Groups of related products (e.g., all images from a particular Mars rover camera for a specific mission phase).

Bundles

Groups of collections (e.g., all data from a complete mission).

Context Products

Metadata describing targets (planets, moons), instruments, missions, and spacecraft. These help you search for the data you want.

Understanding PDS Identifiers

Every product in the PDS has a unique identifier called a LID (Logical Identifier). It looks like:

urn:nasa:pds:mission.instrument:collection:product

For example:

urn:nasa:pds:context:target:planet.mars

Some products also have versions, making them LIDVIDs (LID + Version ID):

urn:nasa:pds:mission.instrument:collection:product::1.0

You usually don’t need to know the exact LID - Peppi lets you search by name (like “Mars”) and it finds the LID for you.

Core Components

PDSRegistryClient

The PDSRegistryClient connects your Python code to the PDS API:

import pds.peppi as pep

client = pep.PDSRegistryClient()

By default, it connects to NASA’s production PDS server (https://pds.nasa.gov/api/search/1).
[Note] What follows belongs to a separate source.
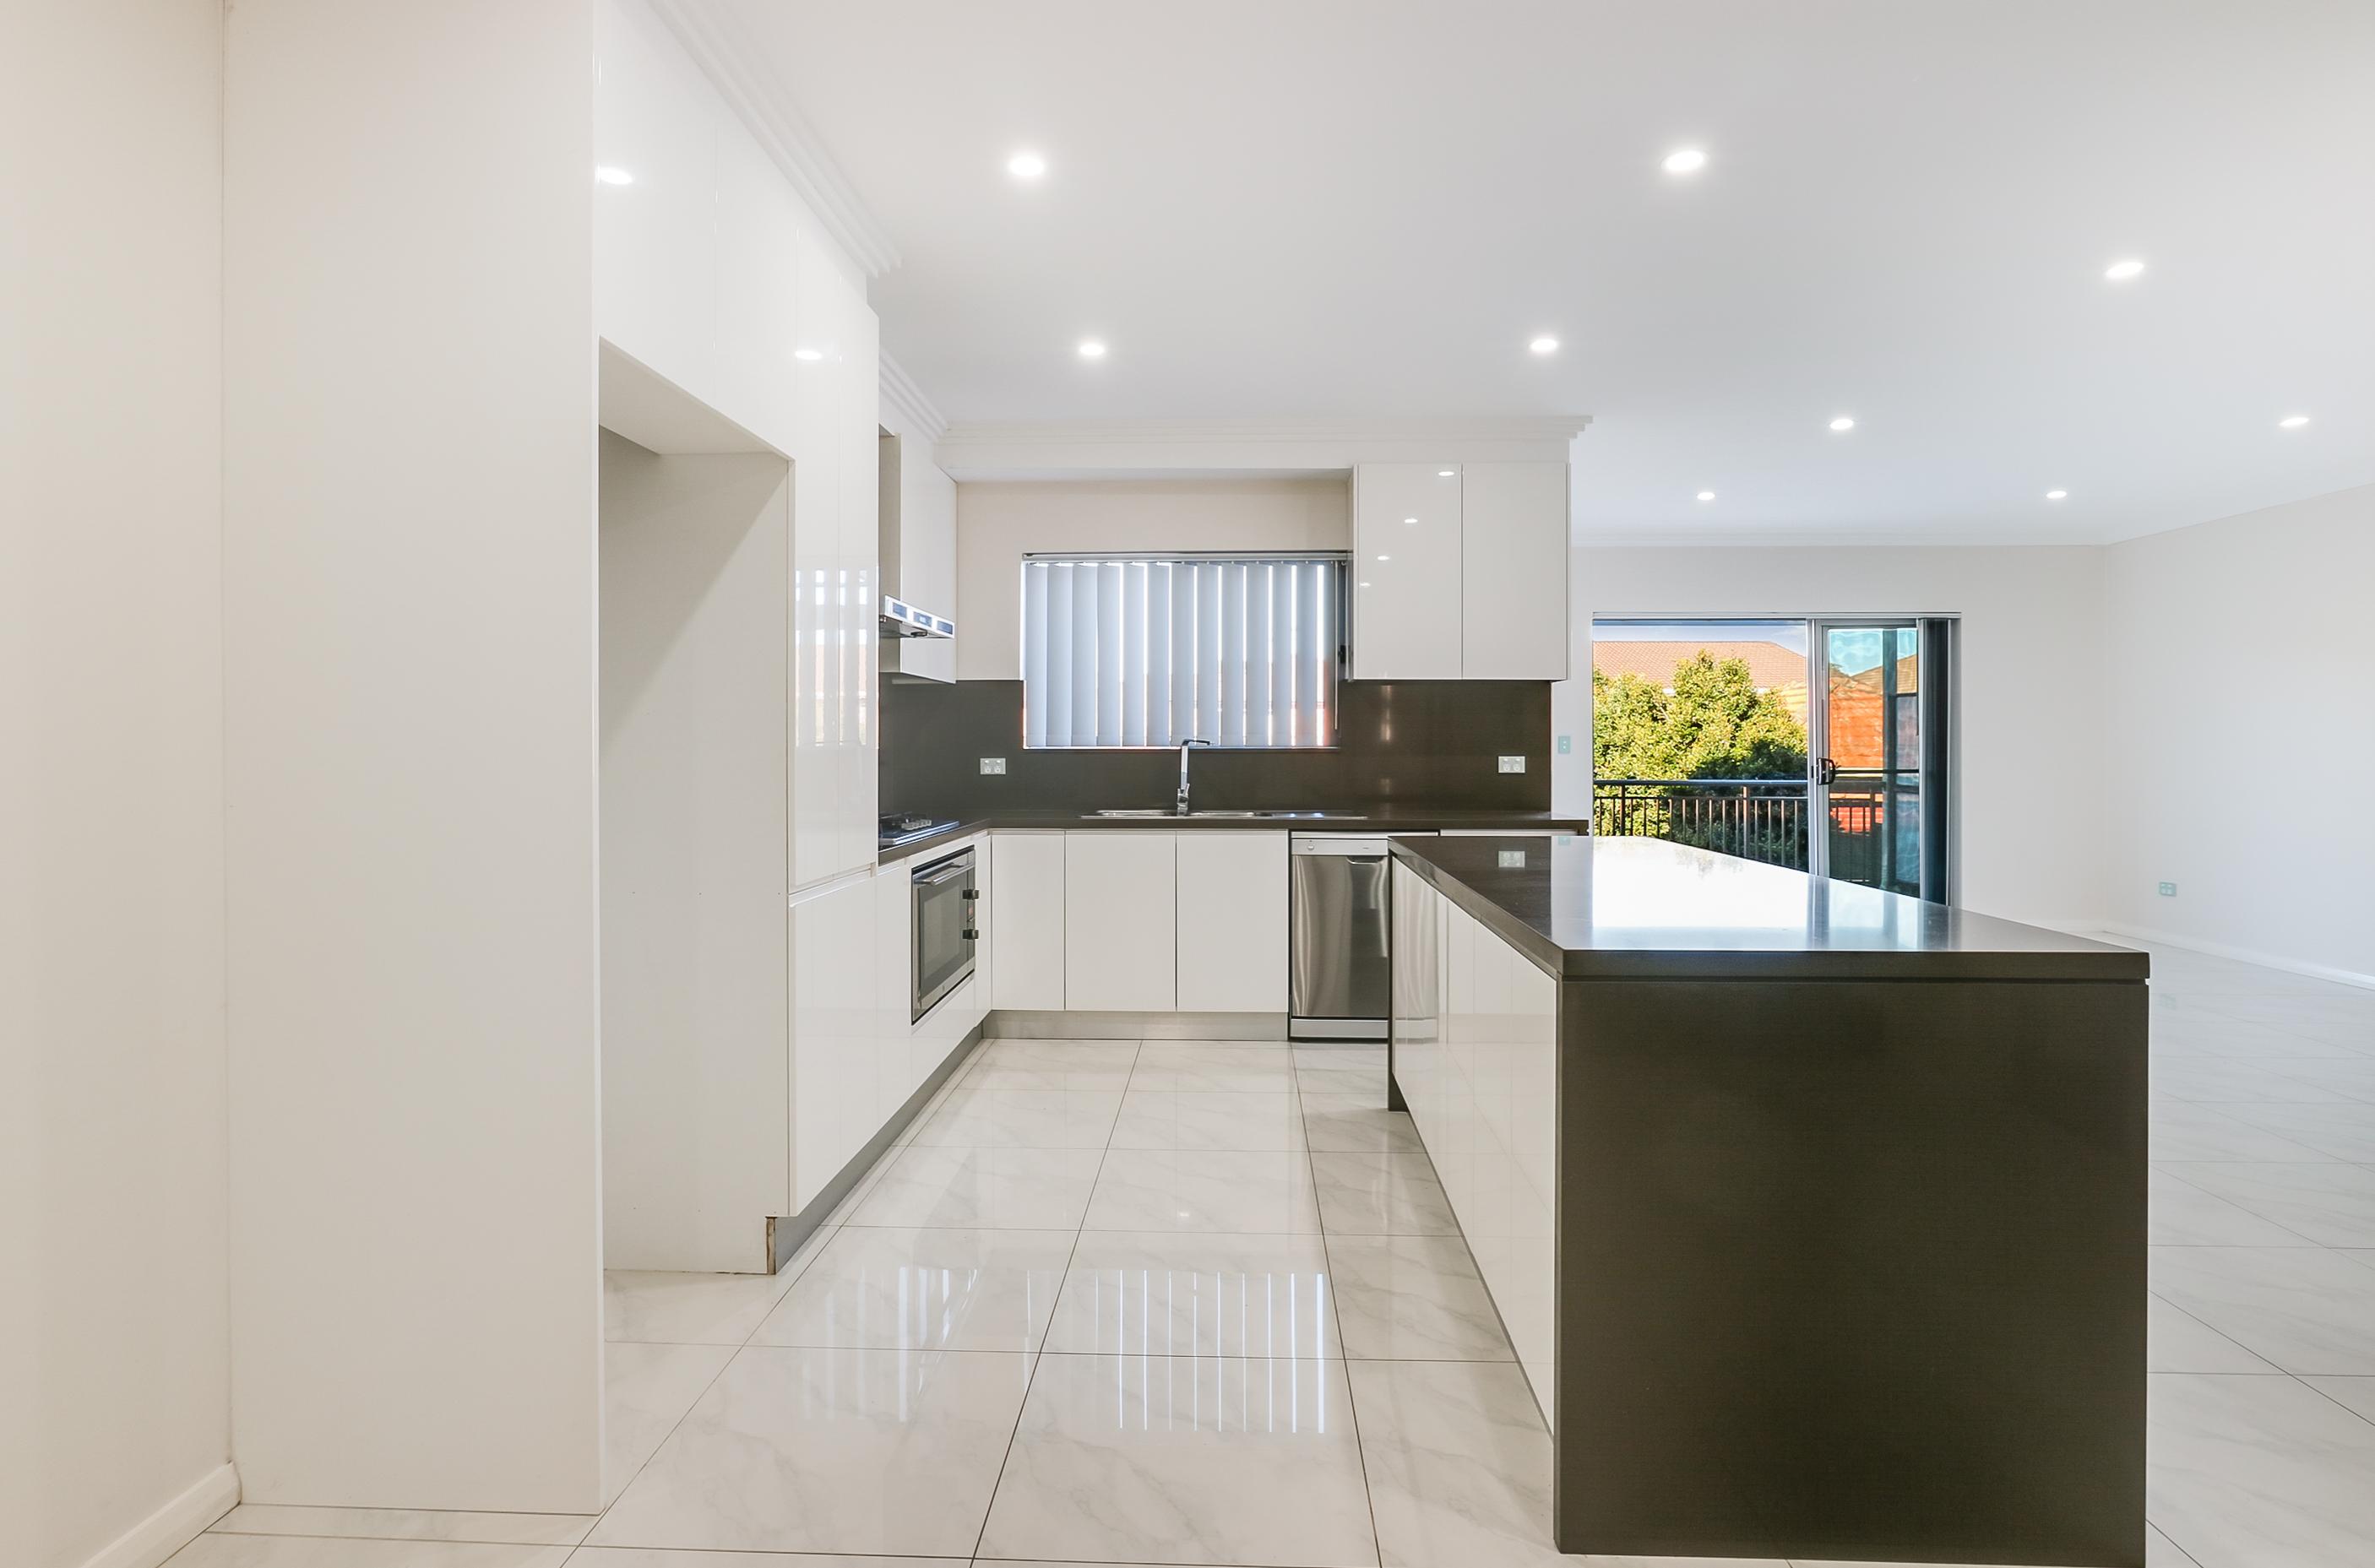 54 scoot kitchen

If you need to connect to a different server (e.g., for testing):

client = pep.PDSRegistryClient(base_url="https://pds.nasa.gov/api/search/1")

Products

The Products class is your main tool for searching. It uses a “fluent” interface where you chain methods together:

products = pep.Products(client) \
    .has_target("Mars") \
    .has_instrument_host("urn:nasa:pds:context:instrument_host:spacecraft.msl") \
    .observationals()

Each method returns the Products object, so you can keep adding filters.

Context

The Context gives you access to searchable catalogs of targets and spacecraft:

context = pep.Context()

# Search for a target (with fuzzy matching!)
jupiter = context.TARGETS.search("jupiter")[0]
print(jupiter.name)  # "Jupiter"
print(jupiter.lid)   # "urn:nasa:pds:context:target:planet.jupiter"

# Search for a spacecraft
curiosity = context.INSTRUMENT_HOSTS.search("curiosity")[0]
print(curiosity.name)  # "Mars Science Laboratory"
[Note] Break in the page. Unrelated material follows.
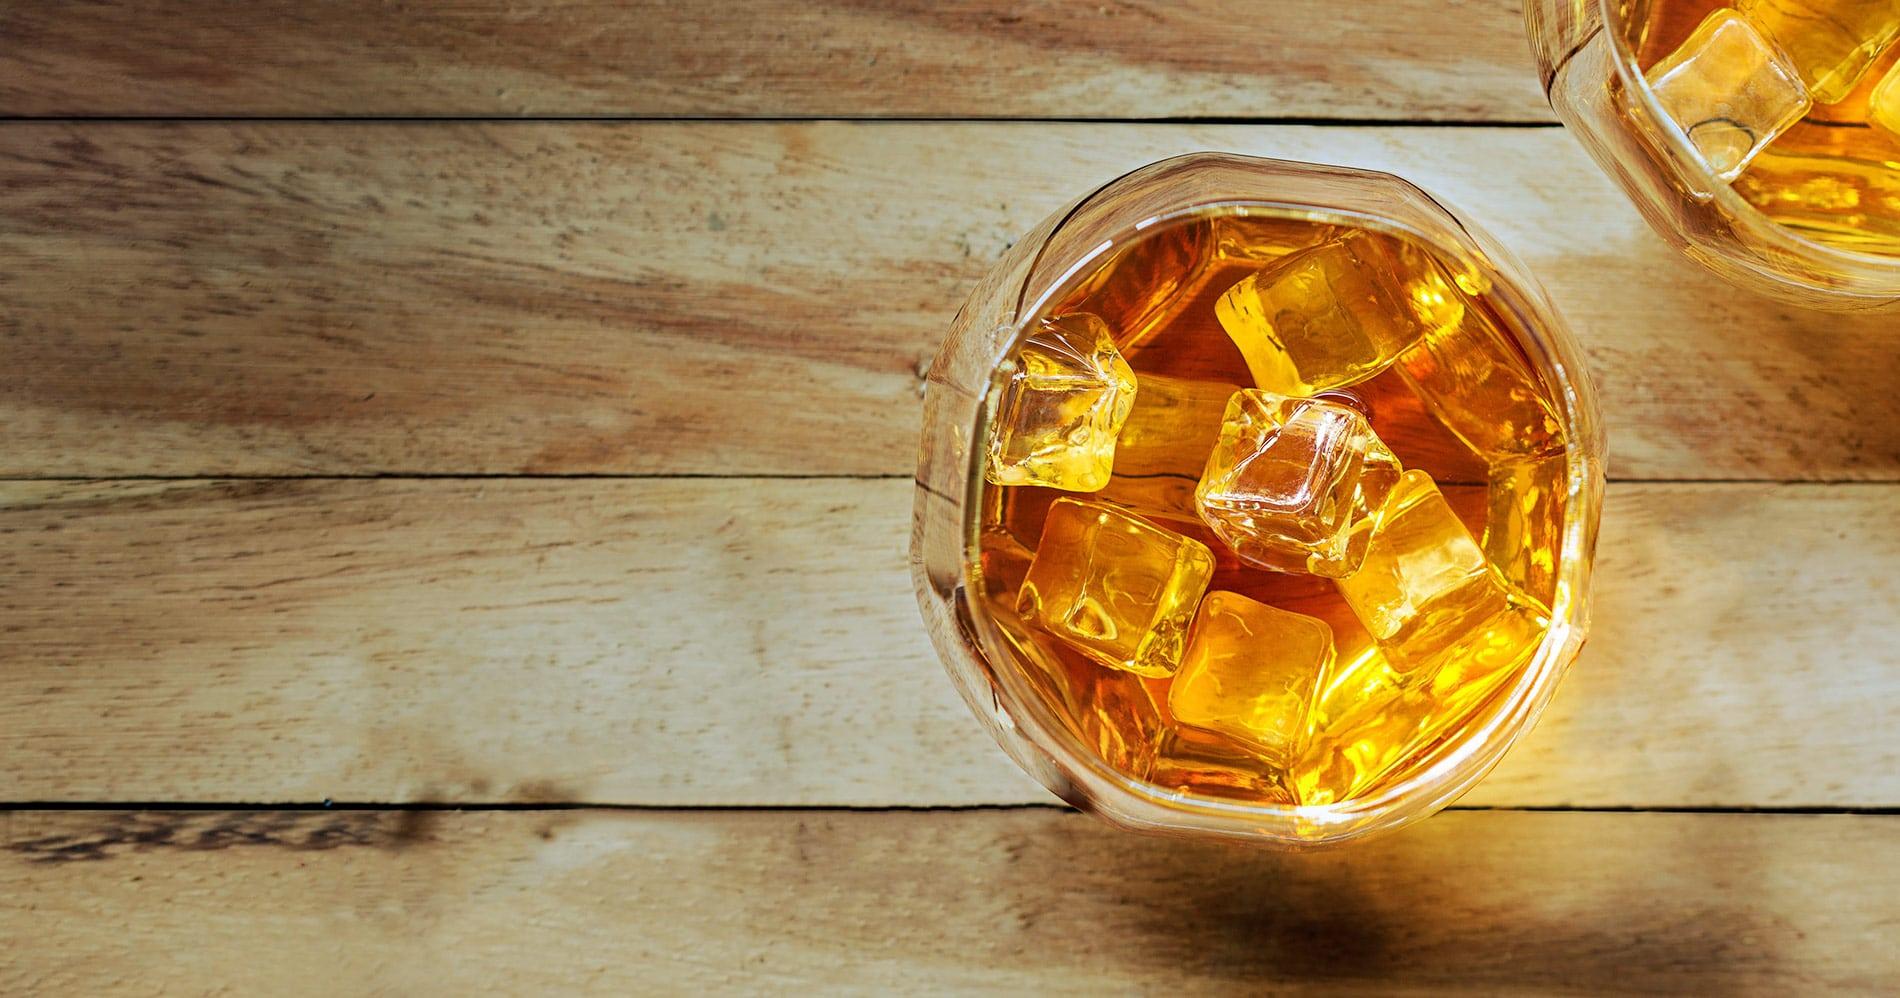 idee regalo per gli amanti del whiskey, del gin, del rum, della vodka, dei cocktail

The search is typo-tolerant, so context.TARGETS.search("jupyter") will still find Jupiter!

Building Queries

The Query Builder Pattern

Peppi uses a “query builder” pattern. You start with Products(client) and add filters:

query = pep.Products(client)            # Start with all products
query = query.has_target("Mars")        # Filter by target
query = query.observationals()          # Filter by product type

# Now execute by iterating
for product in query:
    print(product.id)

Or chain it all together:

products = pep.Products(client).has_target("Mars").observationals()

Lazy Evaluation

Important: Queries don’t execute until you iterate over the results or convert to a DataFrame.
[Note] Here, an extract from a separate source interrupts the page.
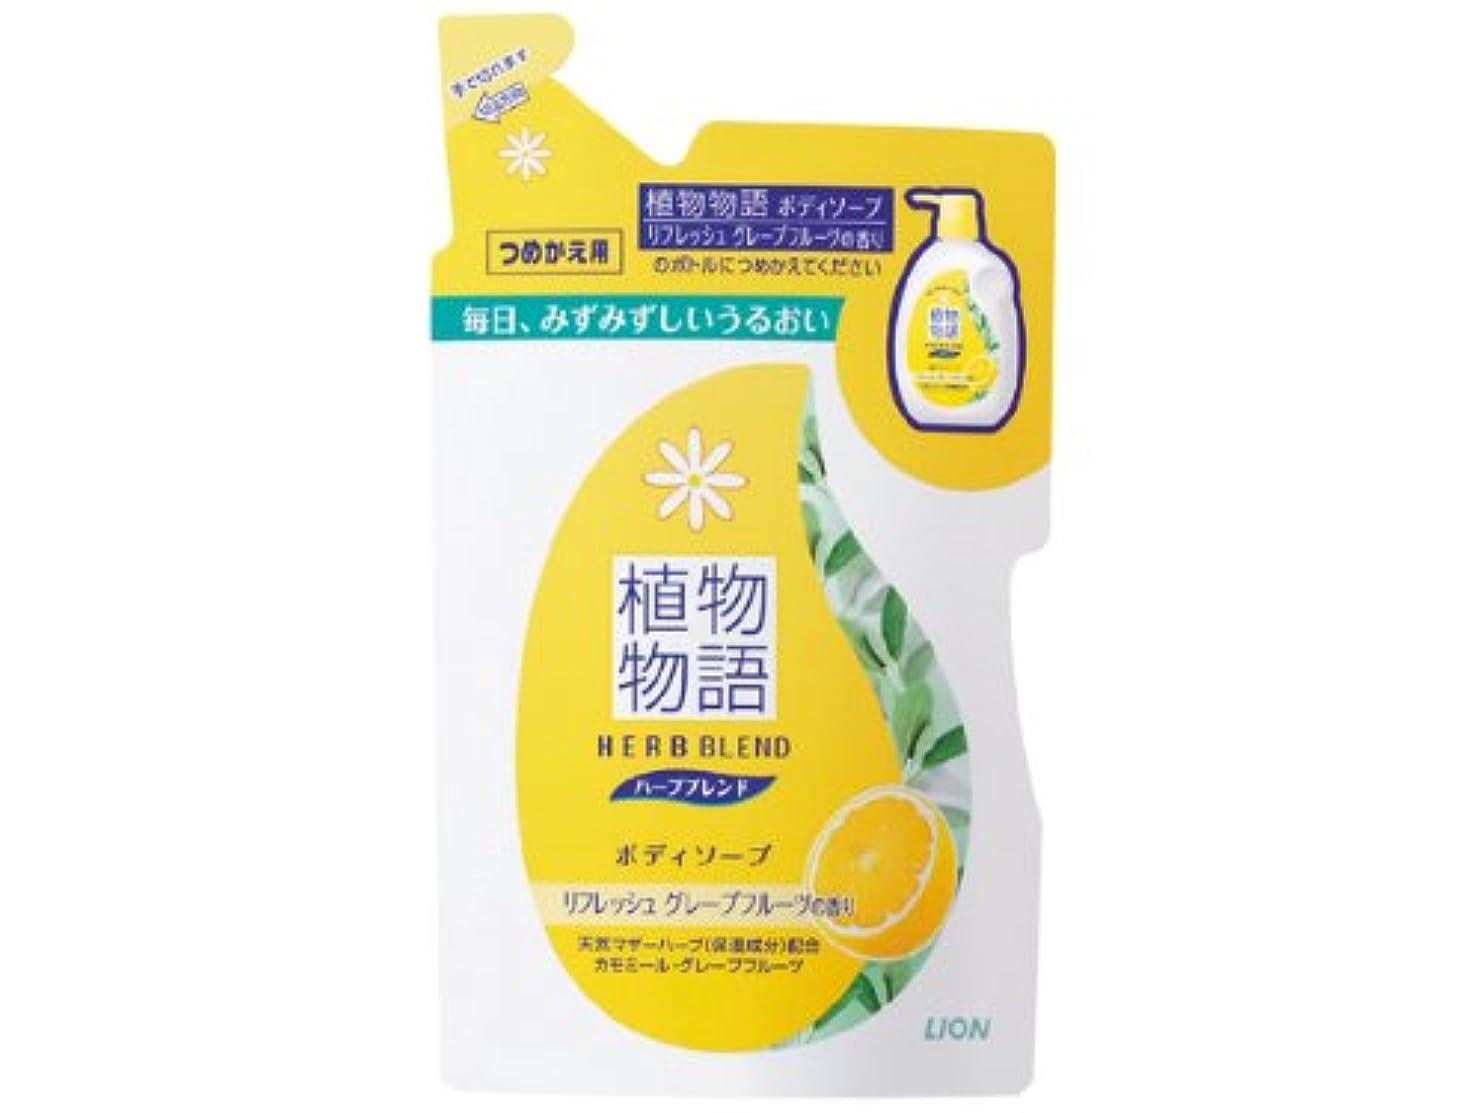 エージェントモトリーアリーナ植物物語 ハーブブレンド ボディソープ リフレッシュグレープフルーツの香り つめかえ用 420ml

This means you can build up complex queries step by step:

# No API call happens yet
query = pep.Products(client).has_target("Mars")

# Still no API call
query = query.observationals()

# NOW the API is called, as we start iterating
for product in query:
    print(product.id)

Automatic Pagination

When searching, the PDS API returns results in pages (typically 100 at a time). Peppi automatically handles this for you:

products = pep.Products(client).has_target("Mars").observationals()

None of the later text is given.